Attack code targets zero-day Mac OS X flaw

The unpatched security hole could be used by a remote attacker to compromise a vulnerable Mac, advisories say.

Elinor Mills Former Staff Writer
Elinor Mills covers Internet security and privacy. She joined CNET News in 2005 after working as a foreign correspondent for Reuters in Portugal and writing for The Industry Standard, the IDG News Service and the Associated Press.
Elinor Mills
2 min read
A security researcher has published attack code for an unpatched flaw in Mac OS X, the latest vulnerability in the "Month of Kernel Bugs" campaign.

The proof-of-concept code exploits a security hole in the way Apple Computer's operating system handles disk image files, the researcher wrote Monday on a blog devoted to the campaign, which promises to reveal details of a new flaw in low-level software every day this month.

"Mac OS X com.apple.AppleDiskImageController fails to properly handle corrupted DMG (disk image) image structures, leading to an exploitable memory corruption condition with potential kernel-mode arbitrary code execution by unprivileged users," wrote the researcher, who goes by the initials "LMH."

The vulnerability could be exploited remotely, as Apple's Safari Web browser loads DMG files from external sources, such as one found while visiting an URL, LMH wrote. That could let an outsider compromise a system.

Secunia rated the vulnerability as "highly critical" in an advisory on its Web site on Tuesday. In addition to being used to compromise a computer, the flaw could be exploited by malicious local users to gain escalated privileges to the system, the security company said.

Apple representatives did not respond to a request for comment.

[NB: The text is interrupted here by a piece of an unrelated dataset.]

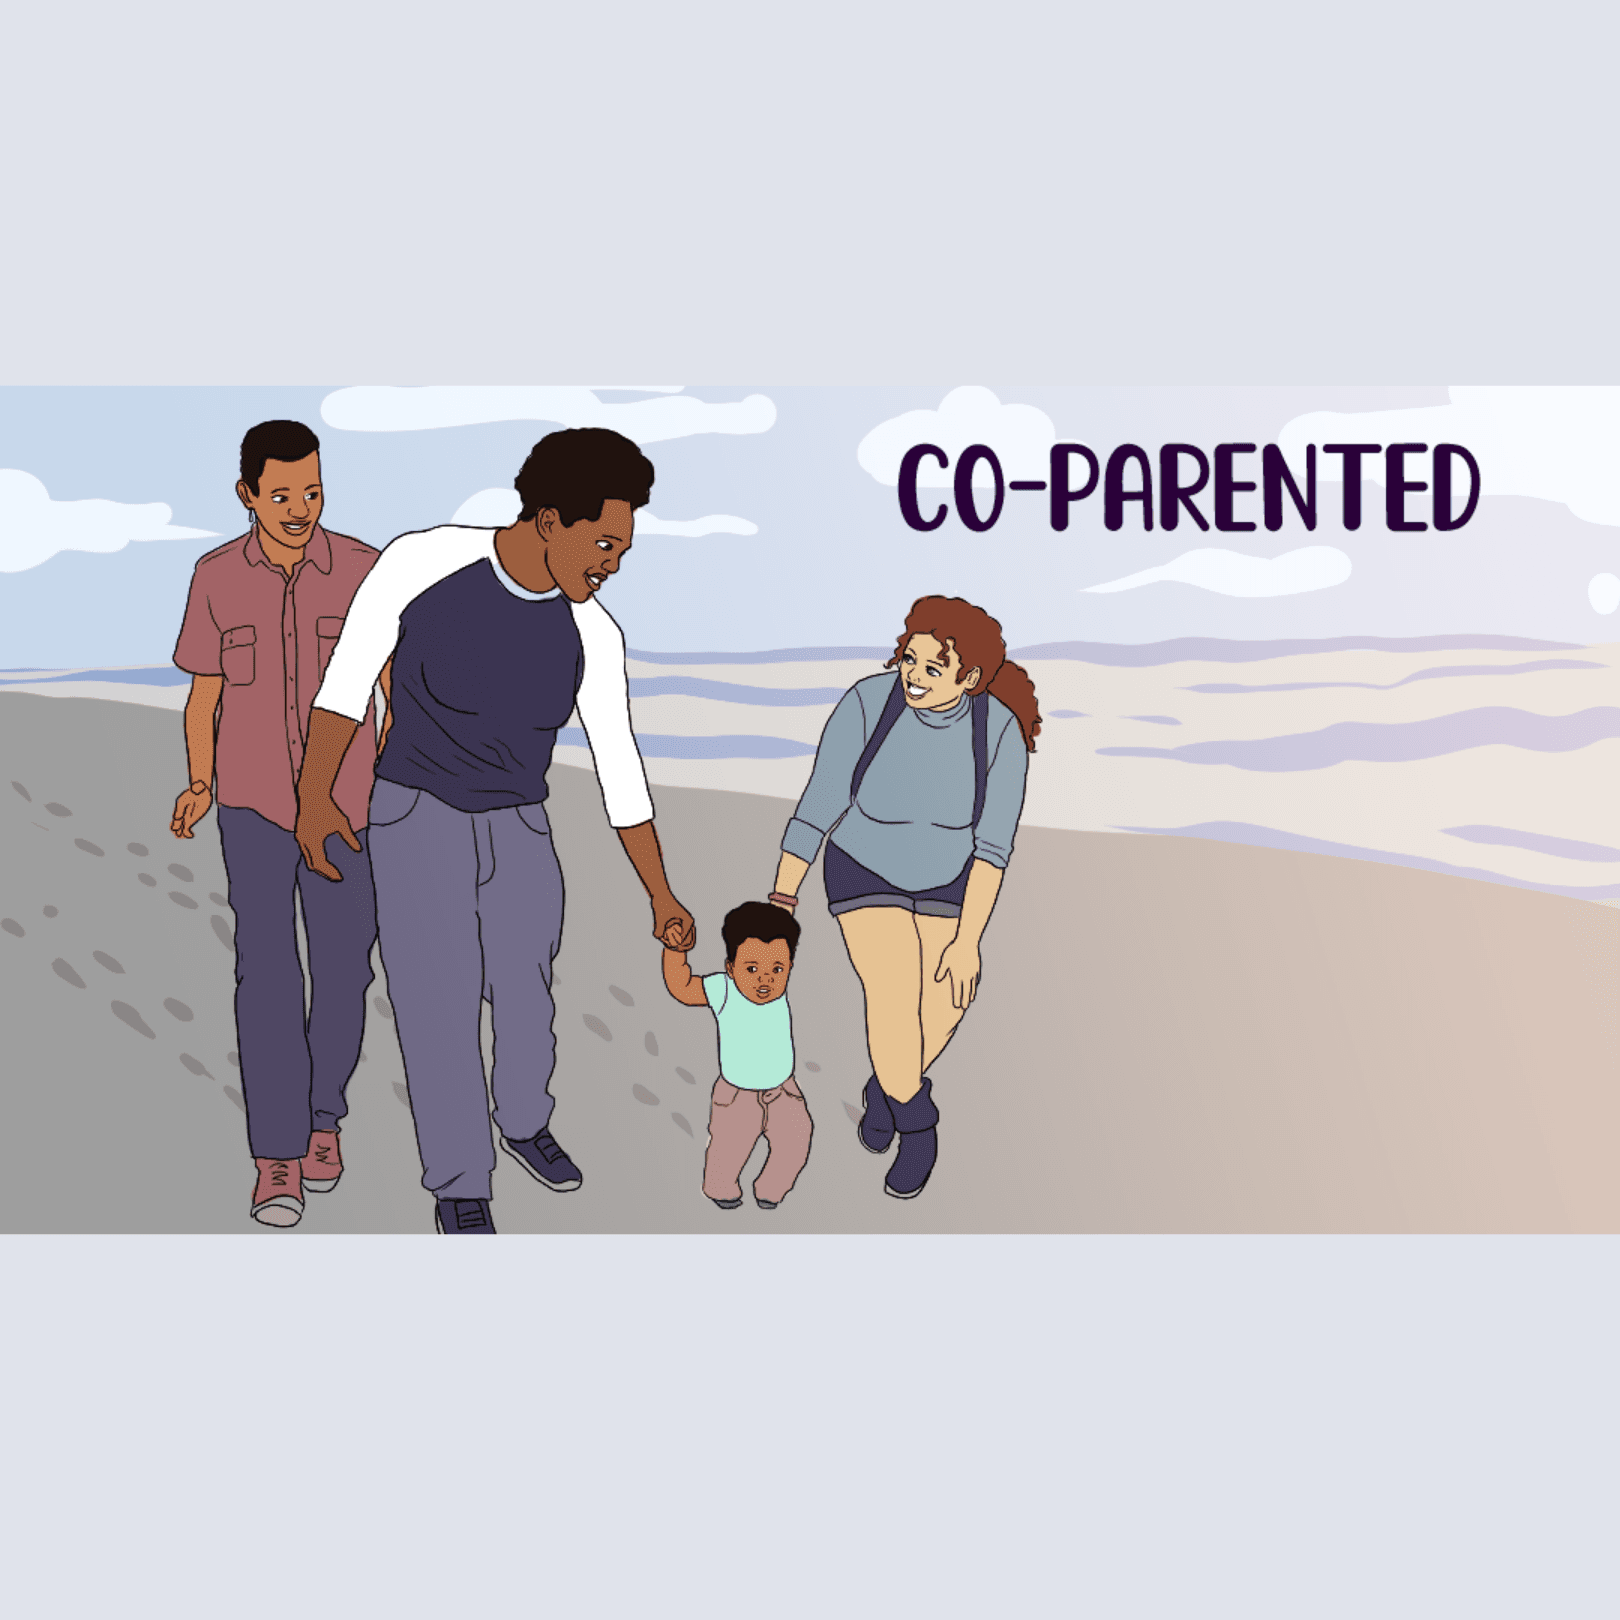 Thumbnail for "Co-Parented: Raising Children In Community".
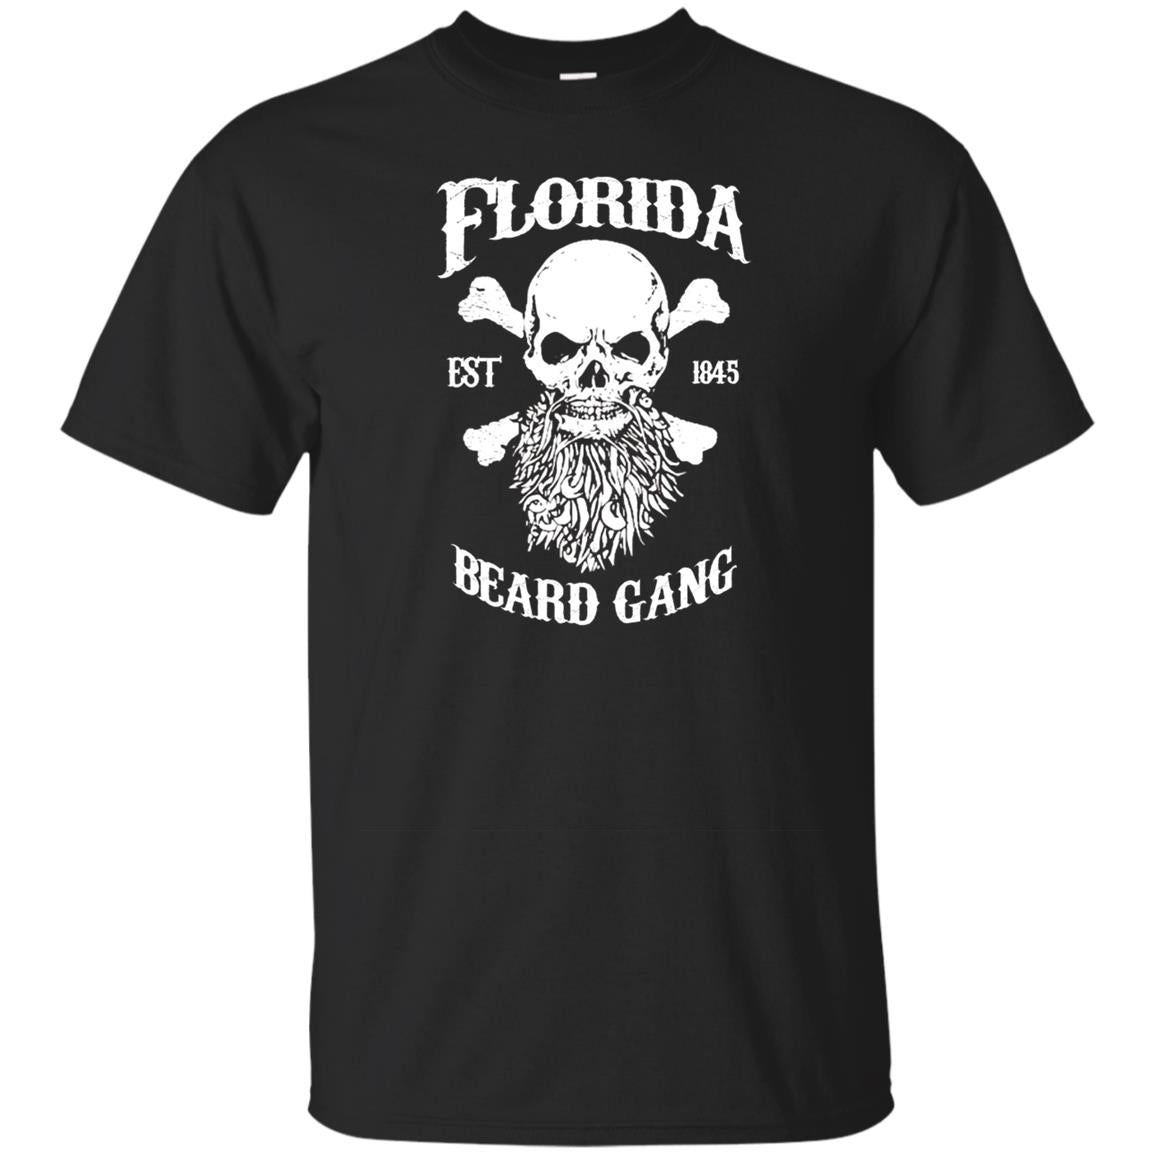 Florida Beard Gang T-shirt - Florida In My Heart T-shirt

In the blog, researcher LMH said people can prevent an attack by "changing the Preferences and deactivating the functionality for opening 'safe' files after downloading."

Vulnerabilities in the Mac OS have been rising, leading some experts to note that the Macintosh platform is not impervious to security problems. The vast majority of security vulnerabilities affect computers running Microsoft Windows.